A further narrative thread involves the reflections of quantum physicist Tommaso Calarco, who compares the superposition of quantum states to a choral composition, like the traditional Dalmatian Klapa singing also present in the exhibition.
All these layers converge in the film on the second floor, set within a cinema-like environment which reminds the theater where Suvin first saw Flash Gordon’s adventures as a child. Here, a contemporary, parodic, deliberately grotesque version of the hero appears: a disoriented Flash Gordon, who travels to Korčula to “save the world,” questioning distracted and unconcerned tourists and confronting a machine-generated version of himself, while narrative flashes, AI-generated, continuously invade the screen. The film becomes a chaotic flow in which historical realities, scientific data, fiction, parody, and artificial imagery mix without hierarchy and the island appears alternately submerged, inhabited, or transformed into a tacky tourist destination. The effect is intentionally disorienting: it mirrors how we now scroll through information, constantly jumping between truth, fiction, propaganda, and synthetic content, what is often called AI slop, the visual and informational noise produced artificially, in many cases unconvincing and obviously fake, that paradoxically makes it increasingly difficult to distinguish what is real from what is not.
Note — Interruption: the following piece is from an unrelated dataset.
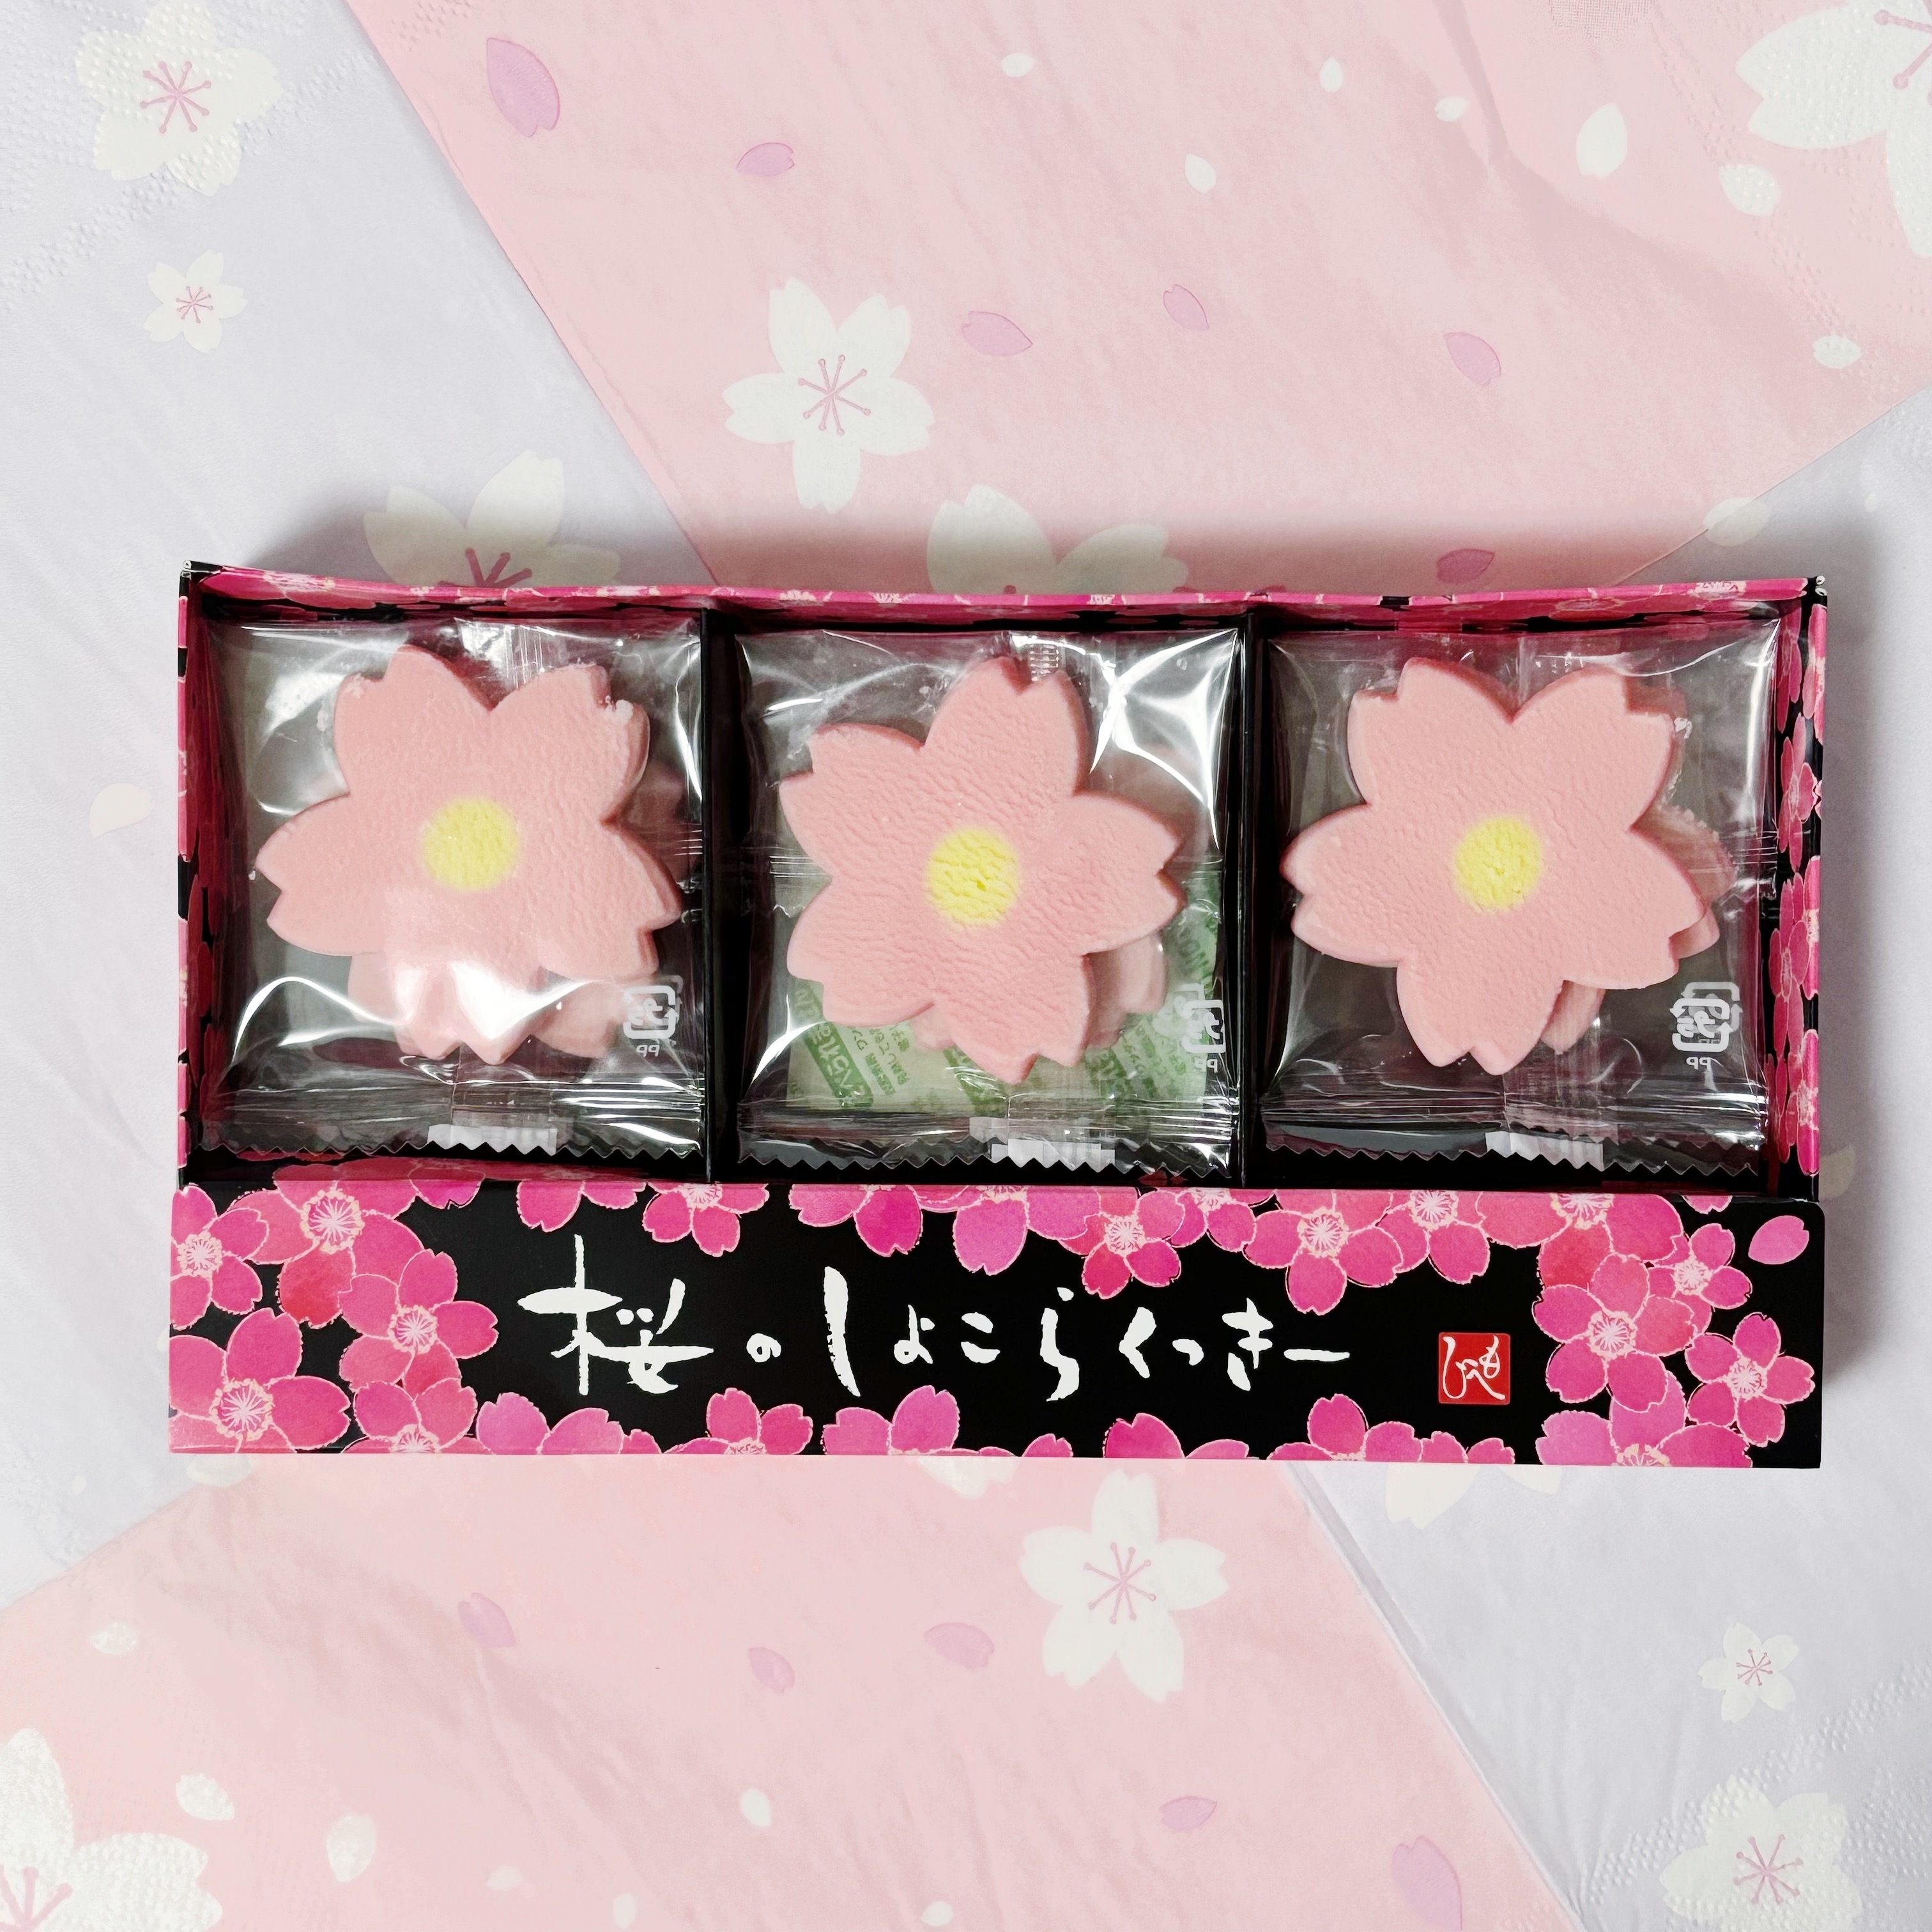 カルディのおすすめのお菓子「桜のしょこらくっきー」

In this context, the metaphor of flooding becomes multilayered: it refers simultaneously to the climate crisis, information overload, authoritarian drift, and cognitive disorientation. Steyerl attempts to respond to this confusion through speculative storytelling, bringing into dialogue the deep time, geological and planetary time, thus extremely slow and almost unnoticeable, and the hyper-fragmented junk time of contemporary digital capitalism.
And this is where the coincidence with the Milan Olympics became almost comical: leaving the exhibition and stepping back into the Olympic city felt like entering another bubble of reality, another island. The junk time of the global mega-event, which seems to have everything to do with it, except sports: endless lines, gadgets hunting, compulsive selfies, an almost automatic enthusiasm, a machine perfectly designed to produce images and consumption, with little that still feels genuinely human or athletic. A collective celebration that appears meaningful on the surface but is sustained by less visible tensions: environmental costs, accelerated urban transformations, and tightly controlled political narratives. A fast, shallow present dominated by the logic of the spectacle, almost another state superimposed onto the exhibition itself. Perhaps this is the most ironic and unsettling insight suggested by The Island: we no longer live in a single reality occasionally disrupted by fiction, but within a continuous field of parallel realities, some extremely slow and invisible, others hyper-visible and accelerated, in which it becomes increasingly difficult to navigate, and to understand which one is actually real.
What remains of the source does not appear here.